_What to produce_
Print the listing below only from the line that has "latency WebSocket APIs" through the line that has "PUMA AC Milan", exactly, and drop any picture.

_Listed records_
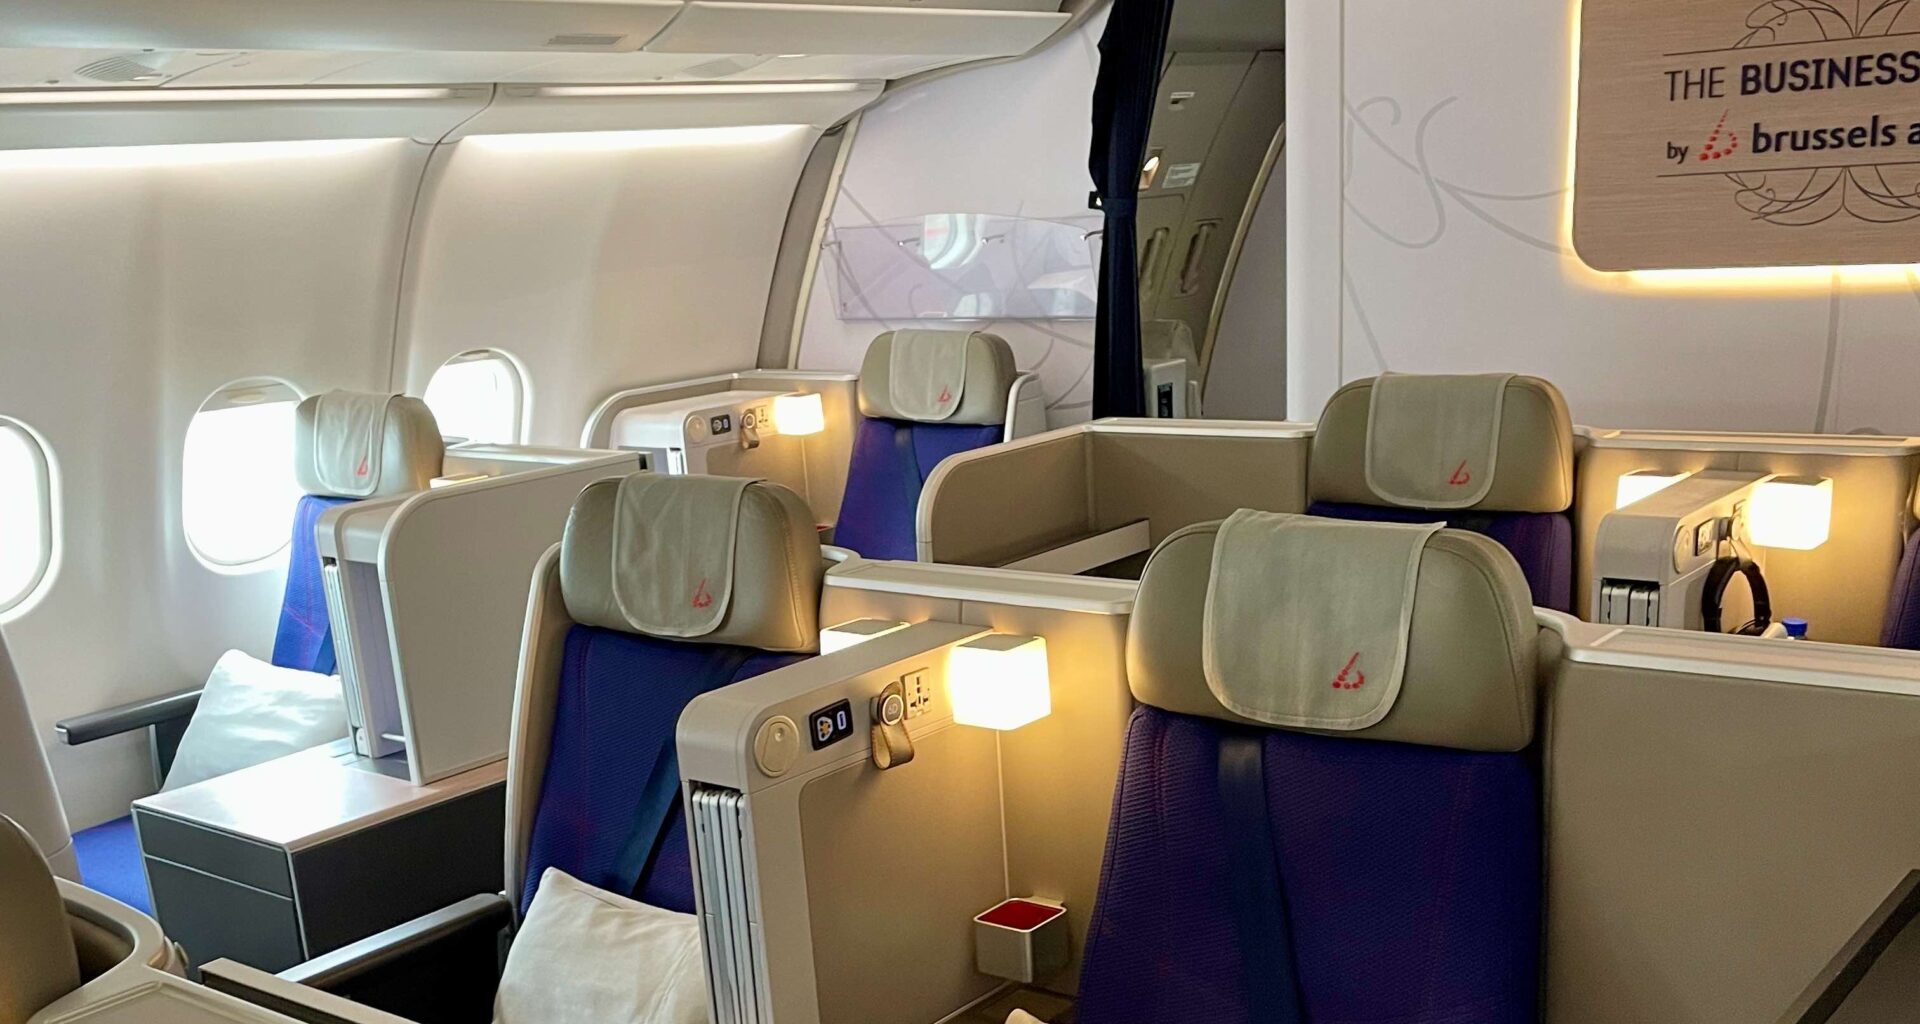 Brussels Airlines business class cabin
* * *
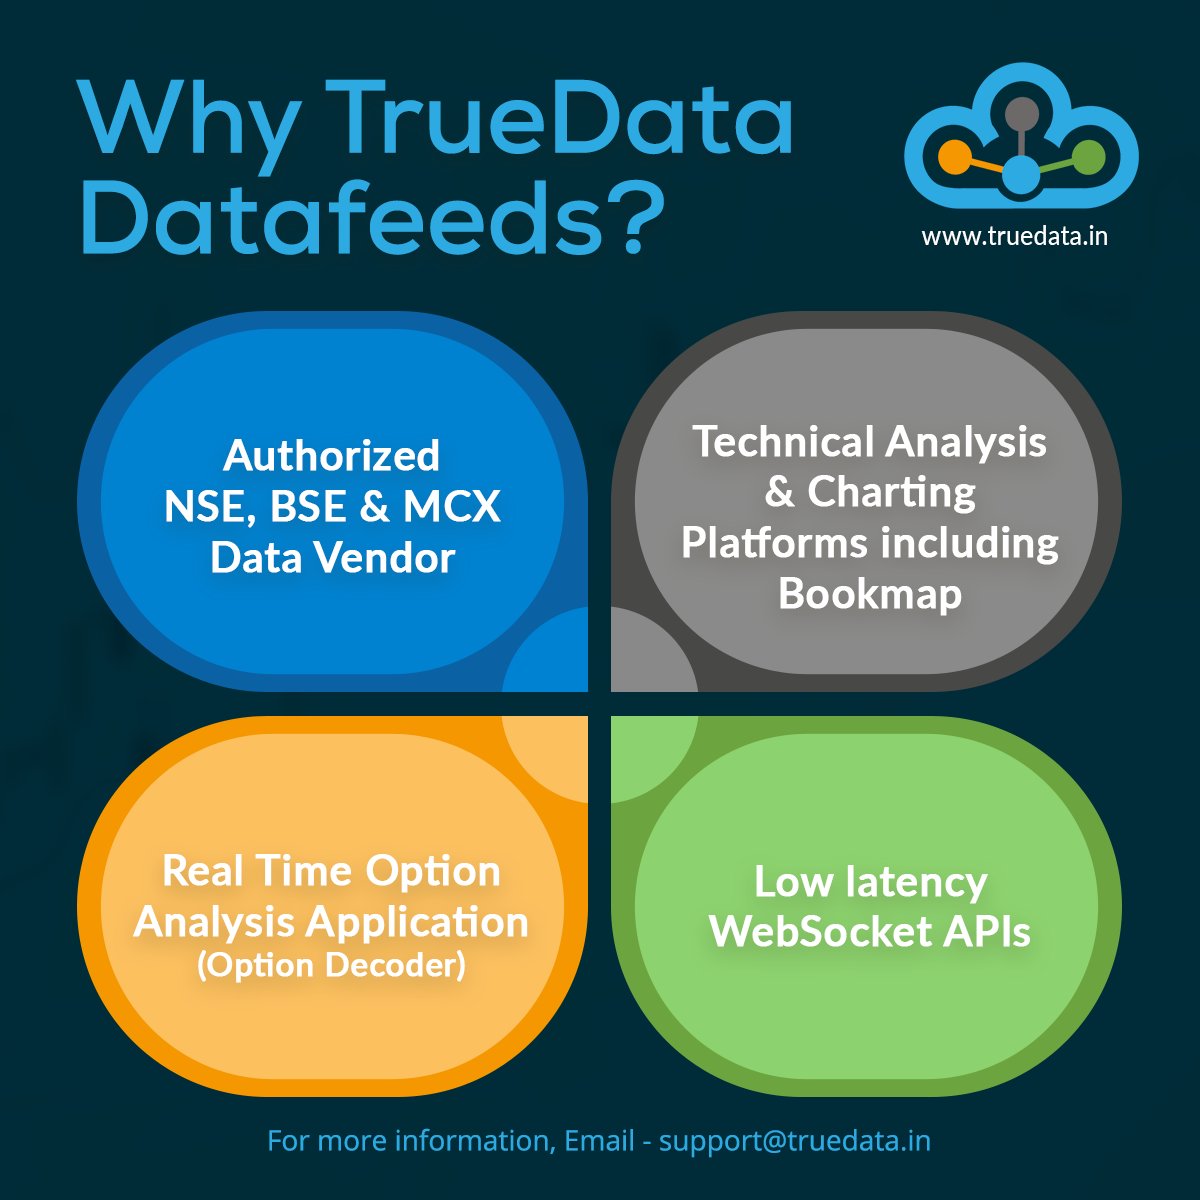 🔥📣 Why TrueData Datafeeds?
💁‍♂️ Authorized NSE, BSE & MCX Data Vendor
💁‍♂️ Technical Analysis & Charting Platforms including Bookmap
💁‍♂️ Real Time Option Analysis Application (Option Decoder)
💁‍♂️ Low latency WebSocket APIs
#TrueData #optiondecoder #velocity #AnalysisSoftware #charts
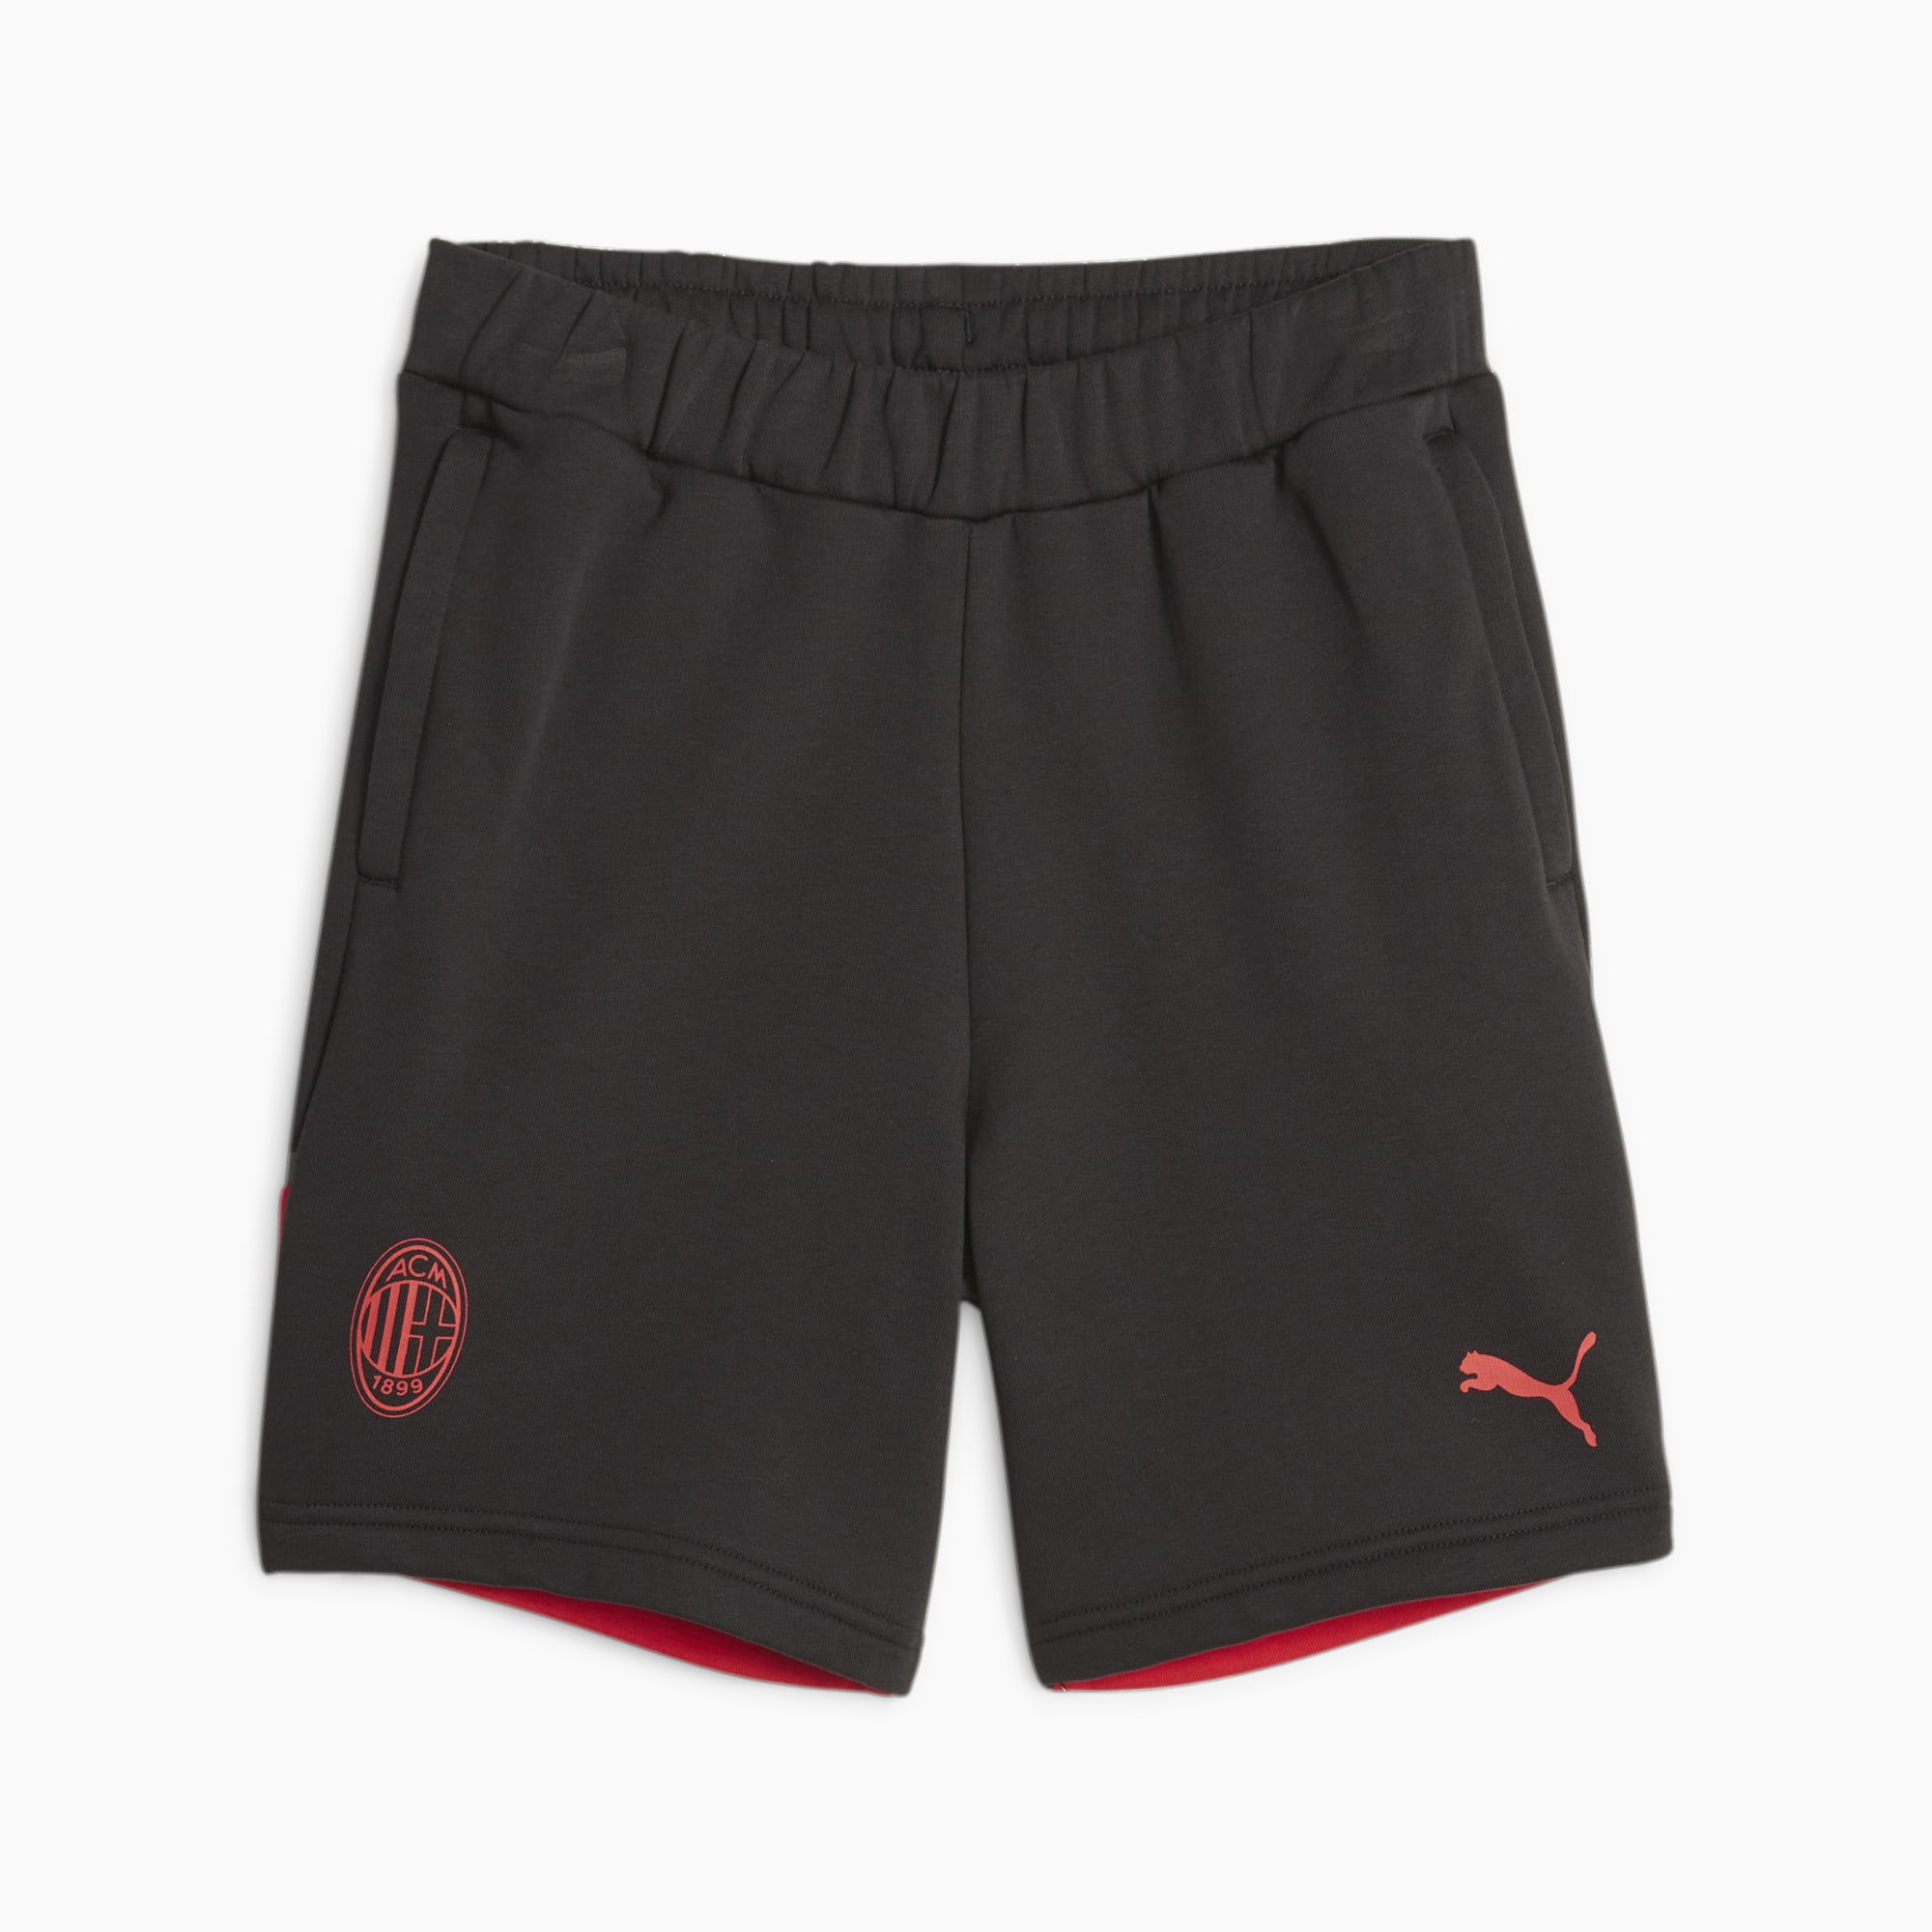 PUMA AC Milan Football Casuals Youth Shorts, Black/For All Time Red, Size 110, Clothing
--
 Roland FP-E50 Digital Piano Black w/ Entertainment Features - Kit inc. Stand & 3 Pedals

_Solution to the exercise_
💁‍♂️ Low latency WebSocket APIs
#TrueData #optiondecoder #velocity #AnalysisSoftware #charts
 PUMA AC Milan Football Casuals Youth Shorts, Black/For All Time Red, Size 110, Clothing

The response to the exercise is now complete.